À Kinshasa, le référendum en RDC revient au centre du débat. Dans une tribune publiée le 14 août 2026, Olivier Kamitatu demande au président Félix Tshisekedi une garantie sur les mandats. Il lie cette question au dialogue national annoncé le 17 juillet. L’enjeu porte désormais sur les actes attendus après les annonces.
Référendum en RDC : le fait
Le 28 juillet, la Cour constitutionnelle a déclaré la loi référendaire conforme, avec des réserves. Le 10 août, selon le document parlementaire cité, Tshisekedi a demandé une nouvelle délibération.
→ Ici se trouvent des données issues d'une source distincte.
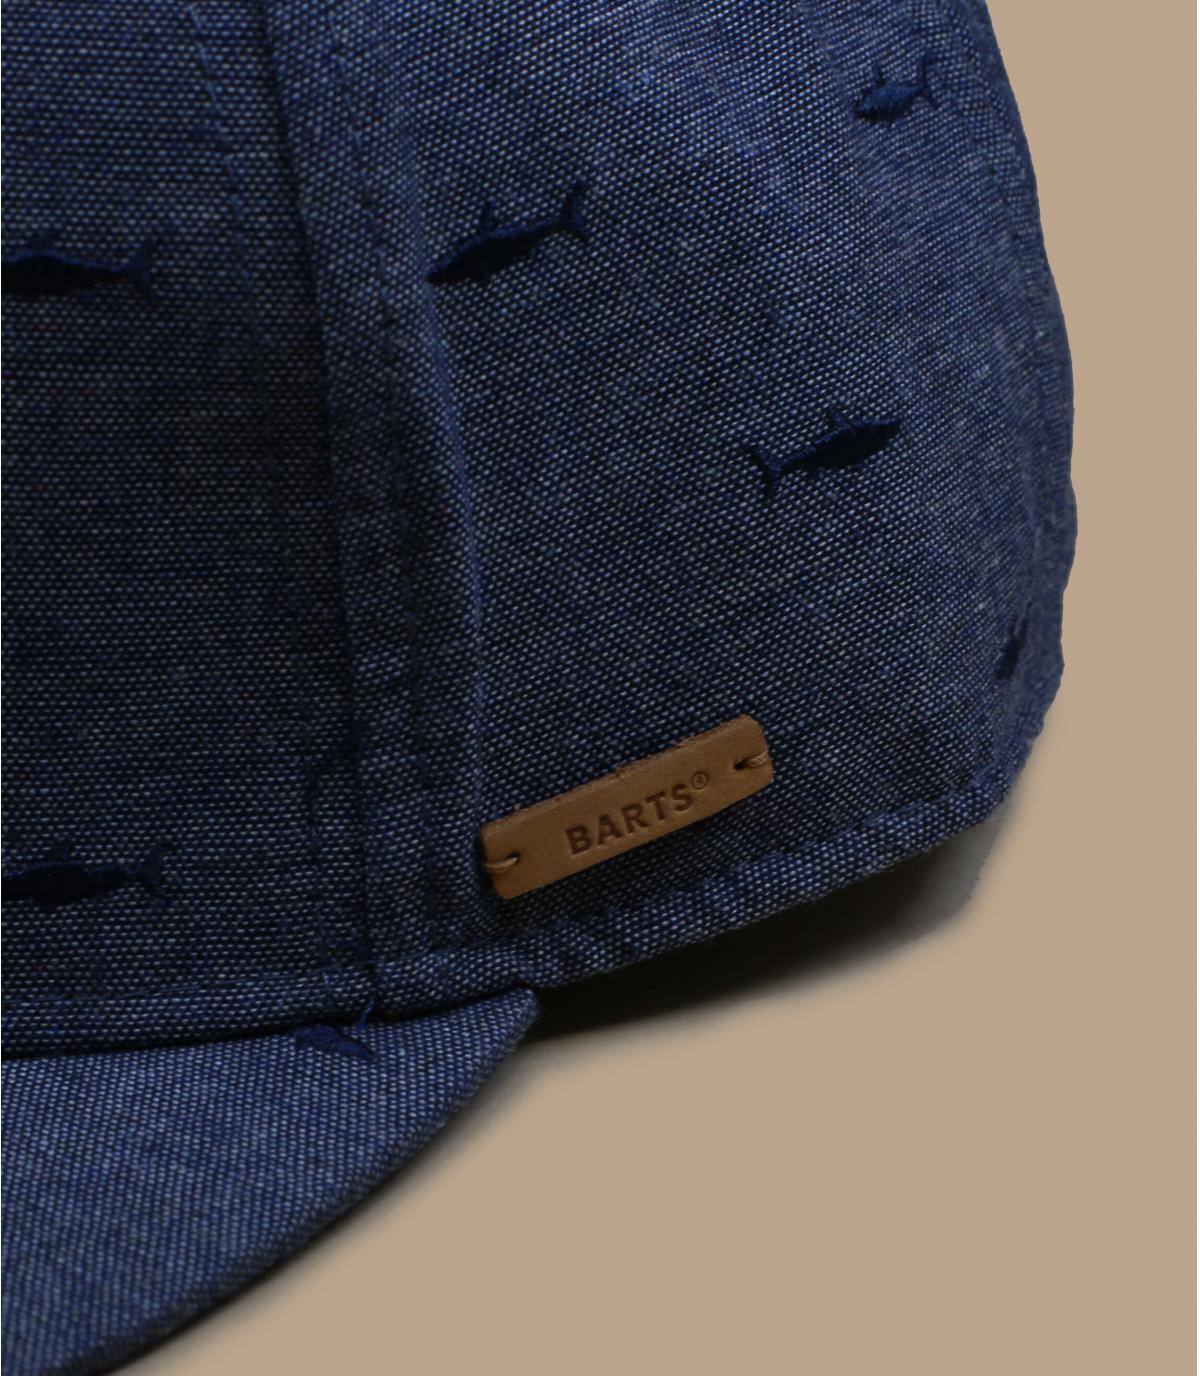 Details Kids Pauk Shark navy - Abbildung 2

Le 14 août, Kamitatu réclame le retrait de la loi. Il demande aussi un engagement écrit sur l’article 220. « Un délai se reprend. Une garantie se tient », écrit-il.
Le dialogue reste attendu
Le 17 juillet, à Kinshasa, Tshisekedi avait annoncé un dialogue national inclusif. Les modalités restent à préciser.
Kamitatu veut lier procédure et garanties. Il écrit : « Une phrase suffirait. » Elle devrait exclure toute modification du nombre ou de la durée des mandats.
L’enjeu politique
Le sens caché essentiel tient à la confiance. Kamitatu veut transformer une promesse en engagement vérifiable. Hannah Arendt écrivait que « le pouvoir correspond à la capacité humaine d’agir de concert ».
Un dialogue repose aussi sur des règles connues. Il exige des engagements précis et un suivi public.
Quelle suite ?
Septembre doit mesurer la portée des annonces. Le Parlement devra examiner la nouvelle délibération.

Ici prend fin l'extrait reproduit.